Alternatively, you can move an existing resource in the new state to a new position. This could be another part of the infrastructure, or a different Terraform module:

$> terraform state mv aws_instance.misplaced_resource aws_instance.correct_scope

2. Gradual Reconstruction: Partial Import Strategies

In complex scenarios - for example, after a partial failure in a large state - a simple import is often not sufficient. Instead, a structured, step-by-step restoration using Partial Import Configurations (available since Terraform 1.5) is recommended.

Procedure

a. Identify affected resources using -detailed-exitcode

$> terraform plan -detailed-exitcode

The command terraform plan -detailed-exitcode is a special variant of the standard terraform plan command. It provides more detailed exit codes, which is especially useful in automation and CI/CD pipelines.

Functionality:

terraform plan normally shows which changes Terraform would make to your infrastructure without actually applying anything.
With the -detailed-exitcode flag, the behaviour of the exit codes changes so that the result of the plan is displayed more precisely:

Exit Code	Meaning
0	No changes; the infrastructure matches the configuration.
1	An error occurred (e.g., syntax error, provider failure, etc.).
2	Changes are pending; the proposed plan would modify the infrastructure.

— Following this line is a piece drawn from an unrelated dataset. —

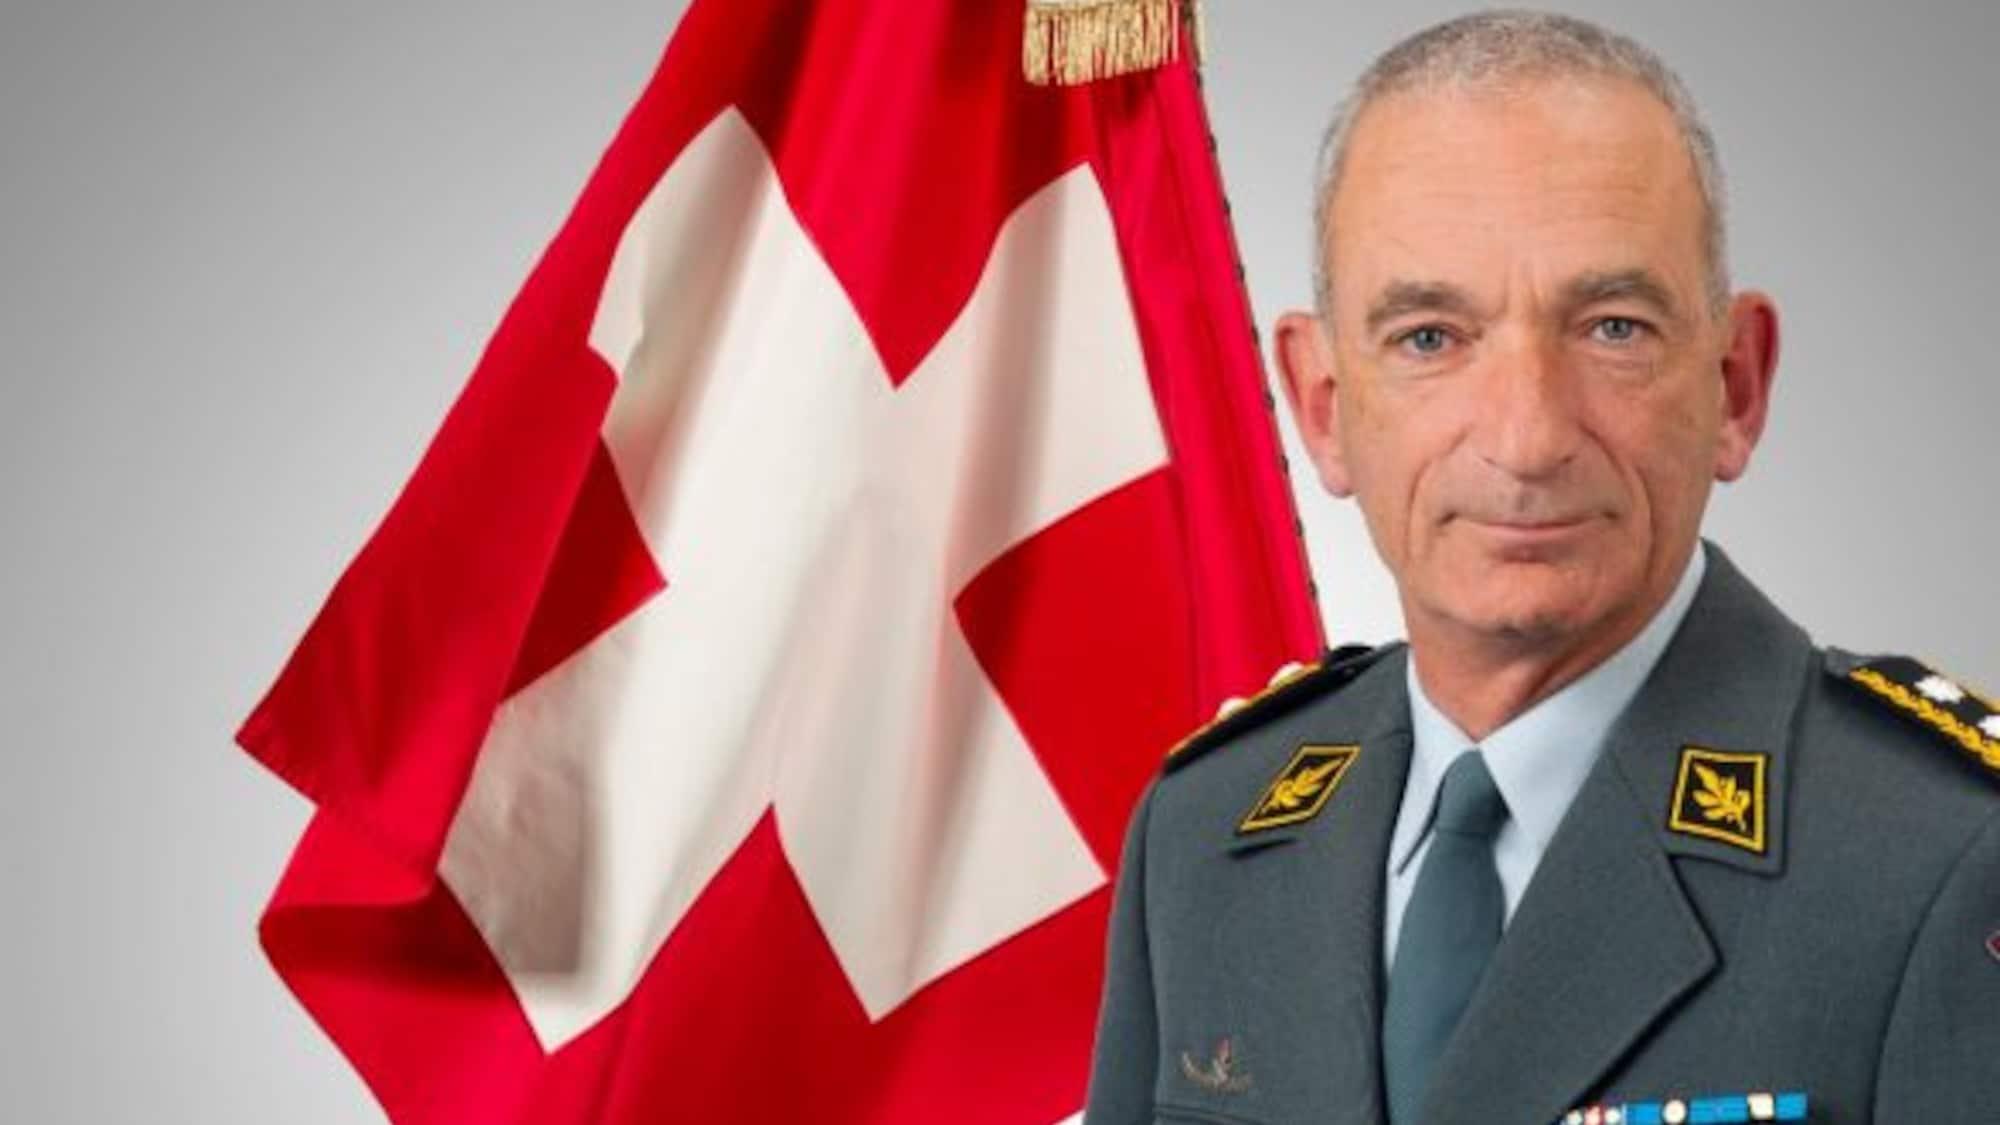 Armeekader stellt sich beim Waffengesetz quer: Amherd und die Heckenschützen

Note: An exit code of 2 indicates changed resources. These require special attention.

This function is not always mentioned in simple tutorials, but it is widely used in teams automating Terraform workflows and enables robust and predictable infrastructure changes.

b. Define import configuration

Now create a configuration for the affected resources:

import {
  to = aws_vpc.recovered_vpc
  id = "vpc-12345678"
}

import {
  to = aws_subnet.recovered_subnet[0]
  id = "subnet-12345678"
}

c. Execute automated import and config generation using -generate-config-out

The command terraform plan -generate-config-out=<file> is an experimental feature introduced in Terraform v1.5. It allows you to generate Terraform configuration files (in HCL format) for resources that are defined in import blocks but do not yet exist in your configuration.

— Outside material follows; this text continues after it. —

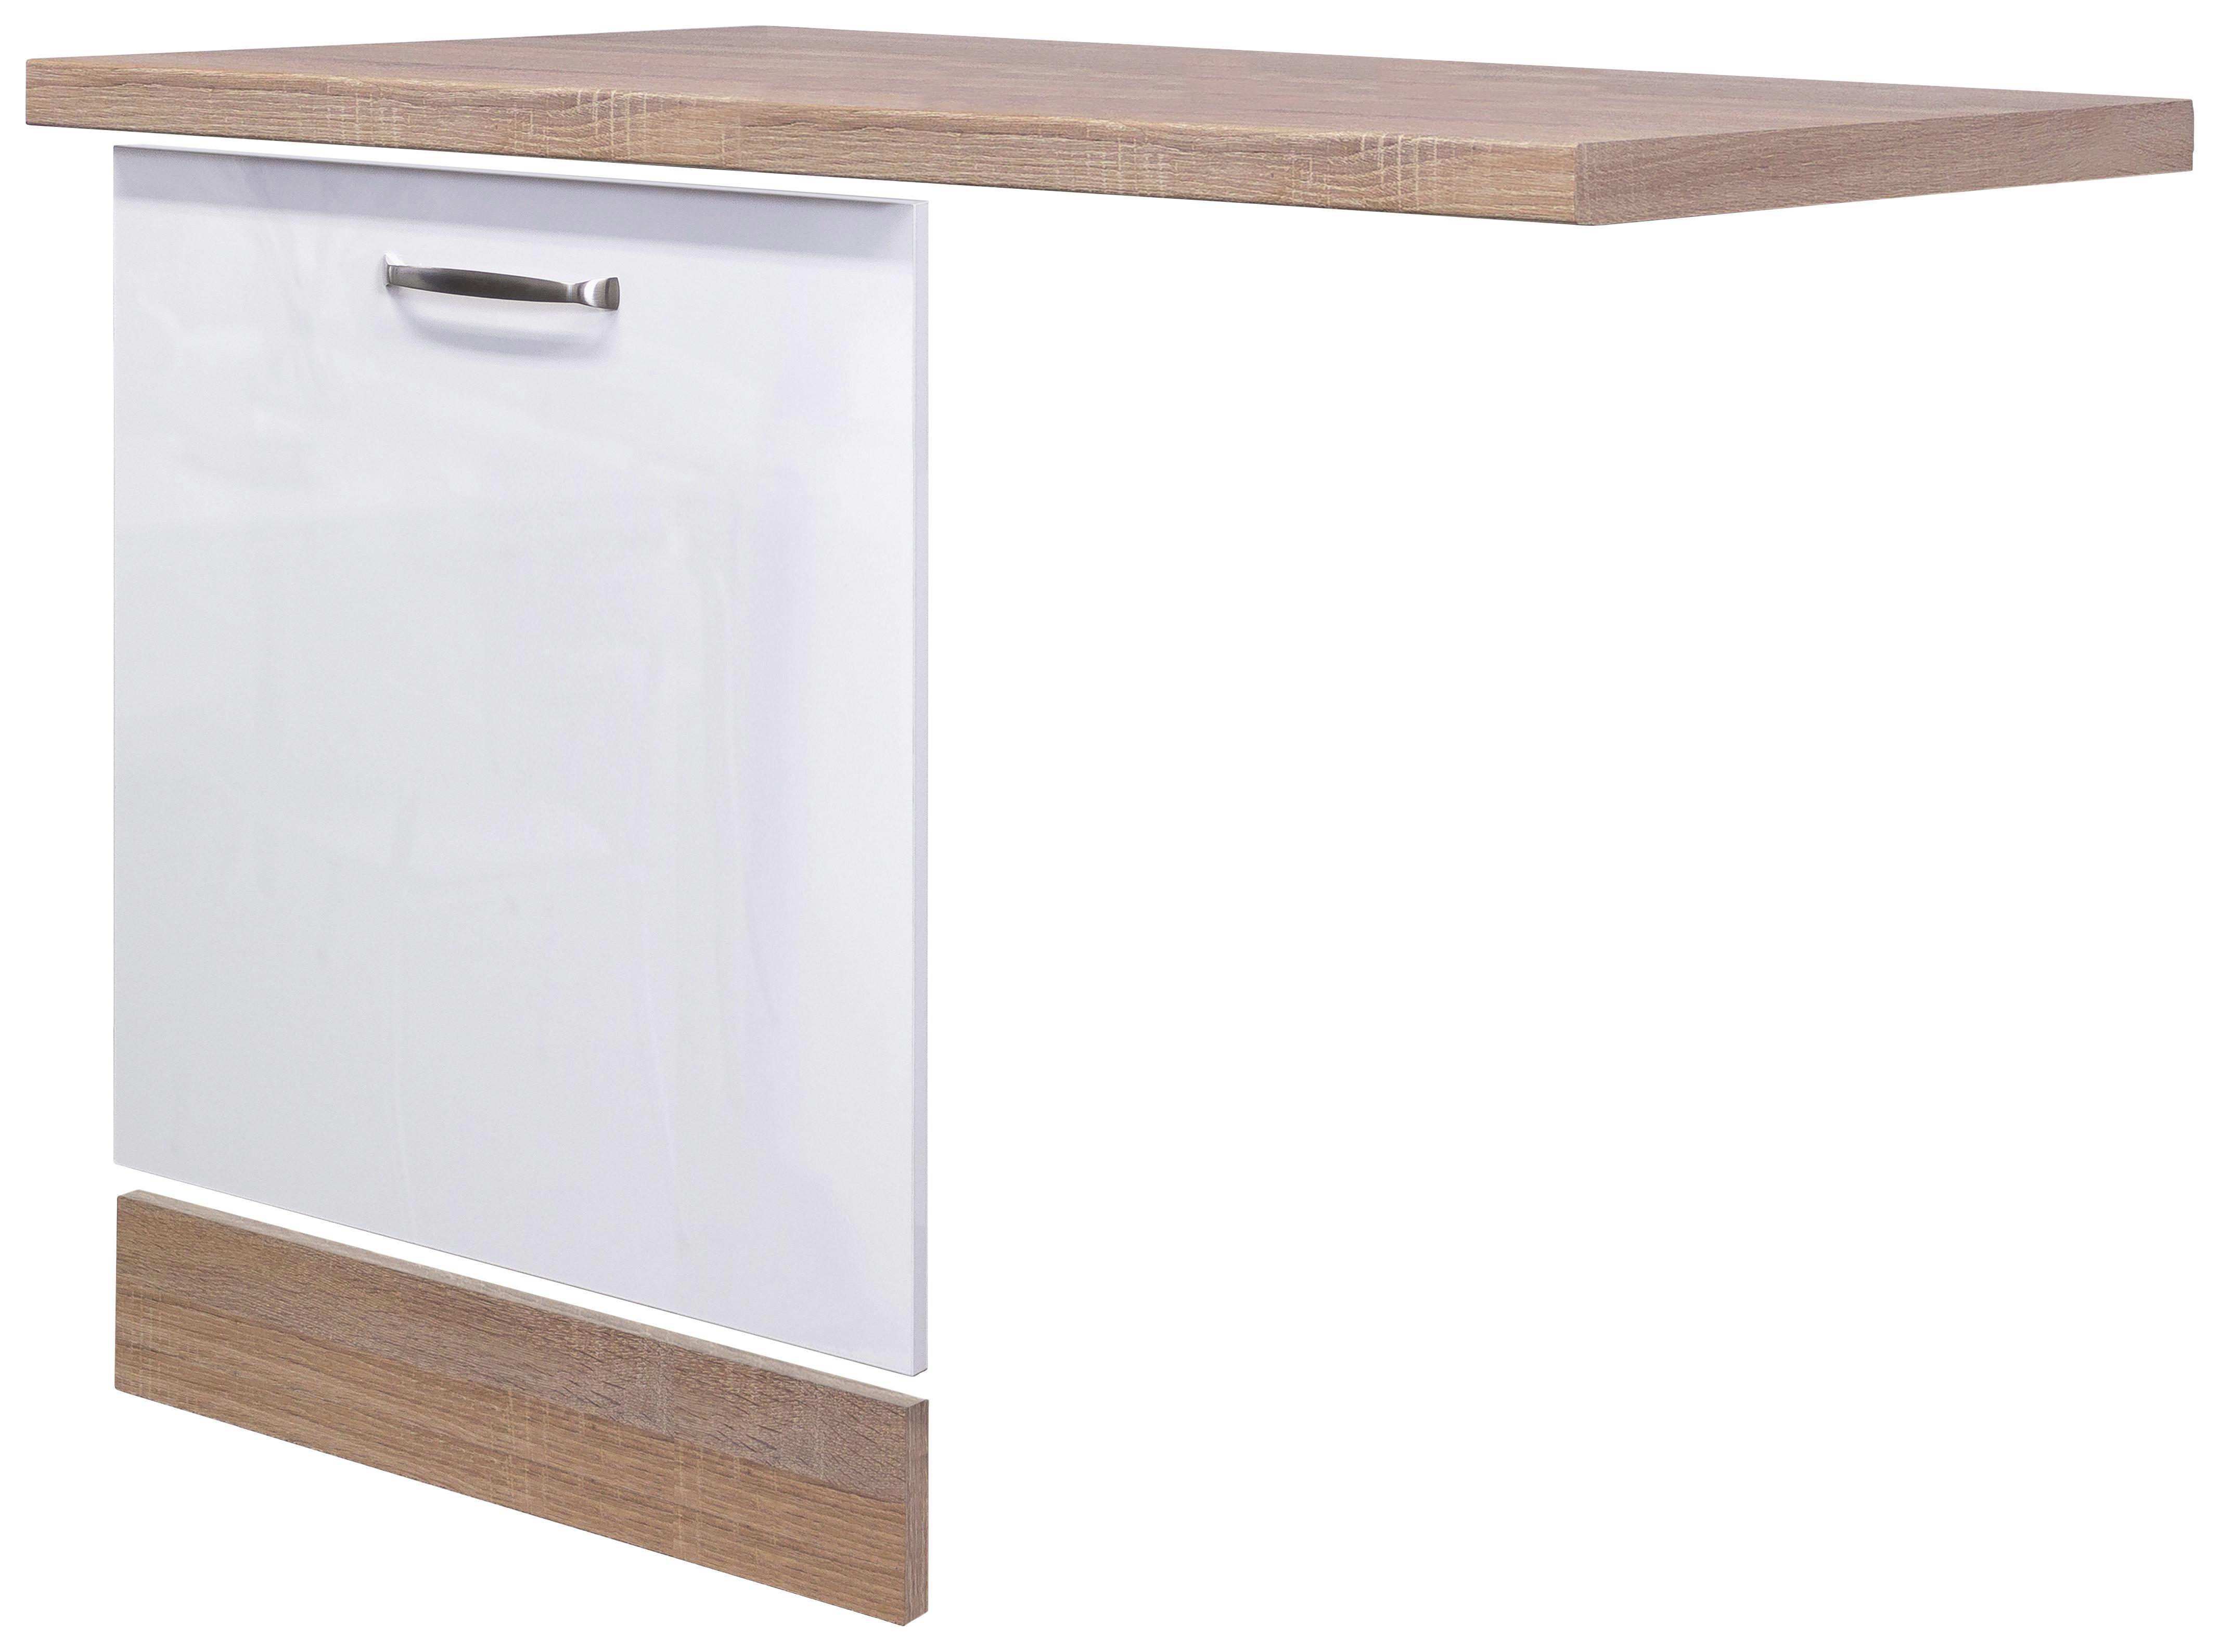 Küchenunterschrank Weiß Hochglanz/Eiche online kaufen ➤ mömax

This feature is particularly useful when importing existing infrastructure into Terraform, as it helps you generate the necessary configuration code based on the actual state of the resources.

$> terraform plan -generate-config-out=generated.tf
[...]
$> terraform apply

Terraform performs the following:

It examines the import blocks in the configuration.
For each resource to be imported that has no existing configuration, Terraform generates an HCL resource block with the most appropriate set of arguments and values.
The generated configuration is written to the specified file (in this example generated.tf). You must provide a new file path - using an existing file will cause an error.
After executing the command, Terraform displays the plan for importing your resources and indicates where the generated configuration was saved.

terraform plan -generate-config-out=<file> is a powerful, experimental tool for generating Terraform configurations from existing resources defined in import blocks. It makes it easier to bring unmanaged infrastructure under Terraform management. Always review and adapt the generated code before using it.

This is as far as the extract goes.